Larry T. Gurley v. Charles E. Wilson, Secretary of Defense

PER CURIAM.

That laches may bar appellant’s relief is not to be doubted, Grasse v. Snyder, 1951, 89 U.S.App.D.C. 352, 192 F.2d 35, indeed the doctrine may be applicable here. But the record lacks findings as to the particulars upon which the court relied when appellees’ motion for summary judgment was granted on that ground.

The appellant had been discharged from Government employ for failure to pay to a Government dispensary a charge of $2 which a personnel officer decided constituted a just debt.

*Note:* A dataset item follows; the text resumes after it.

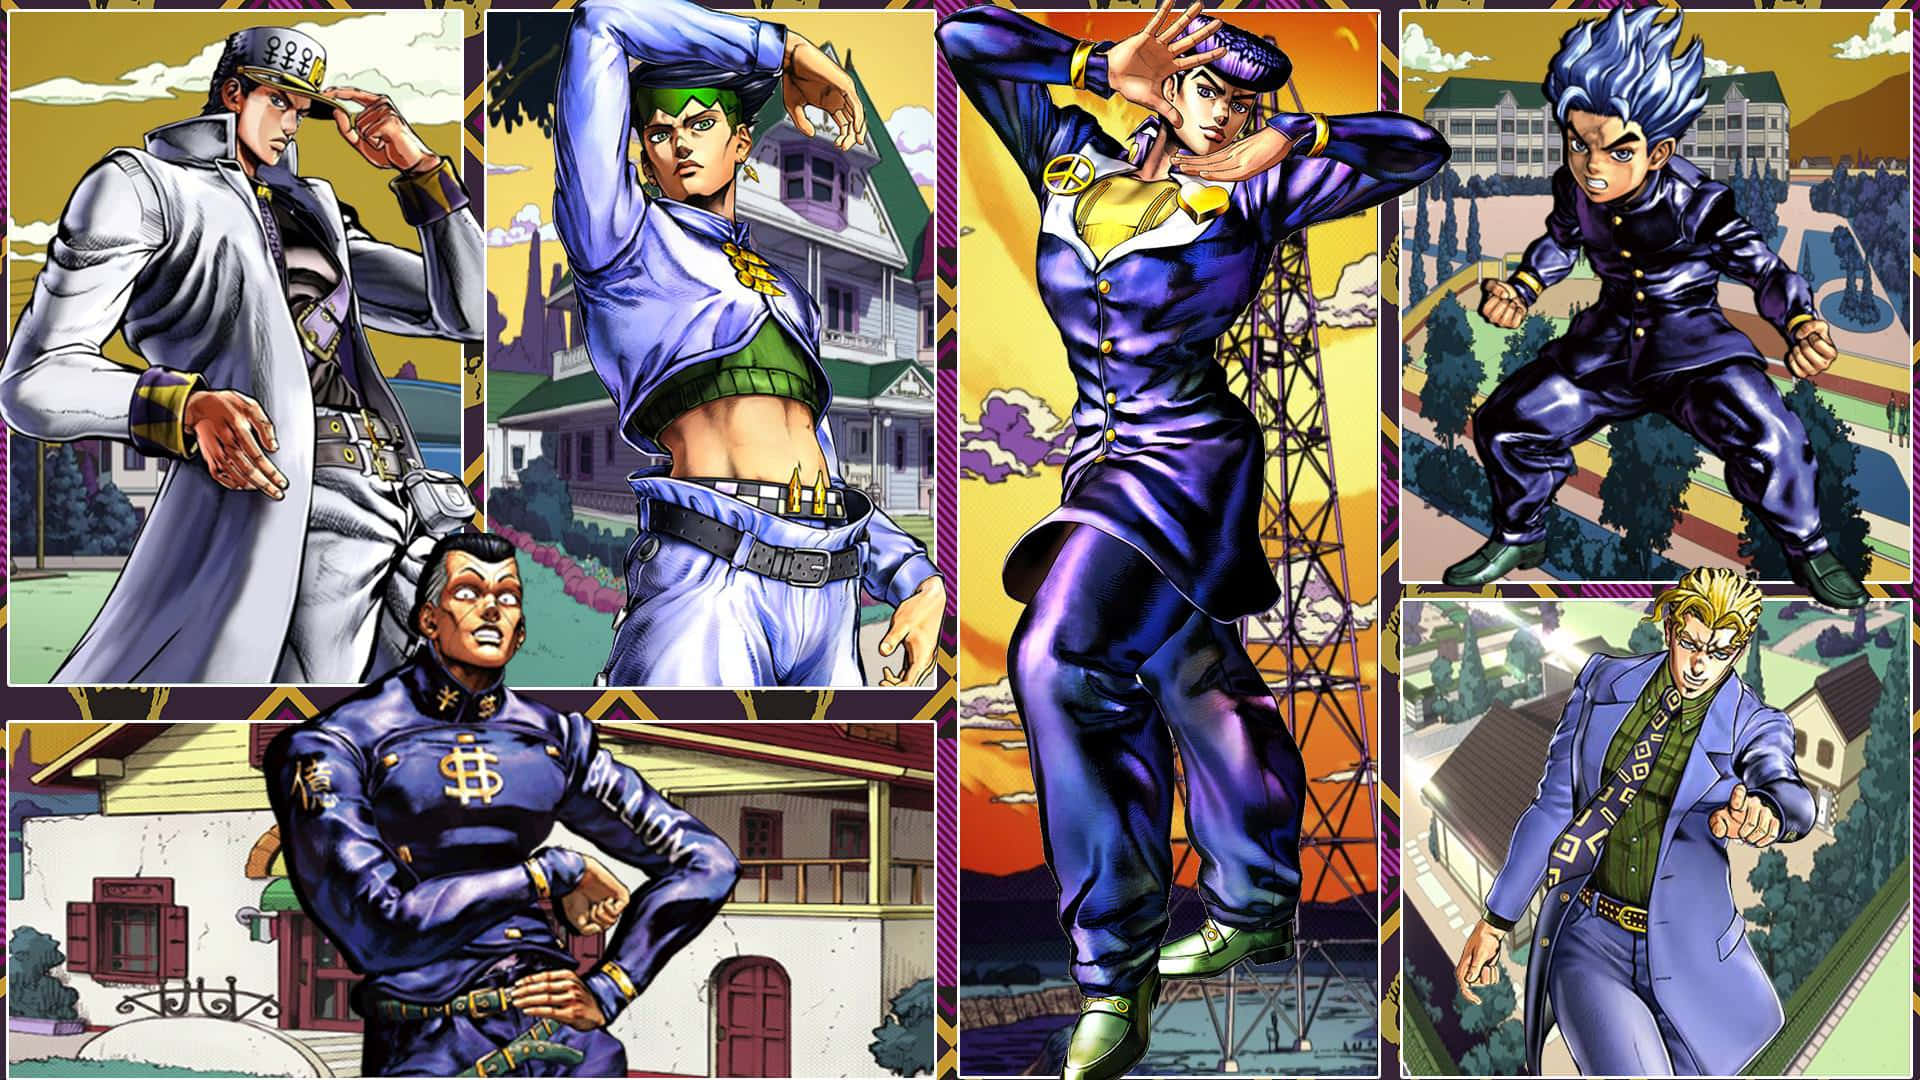 Astral Projection of Jotaro Kujo

Appellant clearly alleged that he had been denied a hearing on the merits of his defense to the alleged debt, although Army Orders “T”,* here invoked against him, contemplates discharge for nonpayment only if the indebtedness has been contracted and remains unpaid “without sufficient excuse or reason.” Appellees’ motion must be taken to have admitted the allegations of the complaint. Accordingly, there would seem to remain a genuine issue as to a material fact.

Reversed.

Also relied upon in Carter v. Forrestal, 1949, 85 U.S.App.D.C. 53, 54, 175 F.2d 364, 365, certiorari denied 1949, 338 U.S. 832, 70 S.Ct. 47, 94 L.Ed. 507.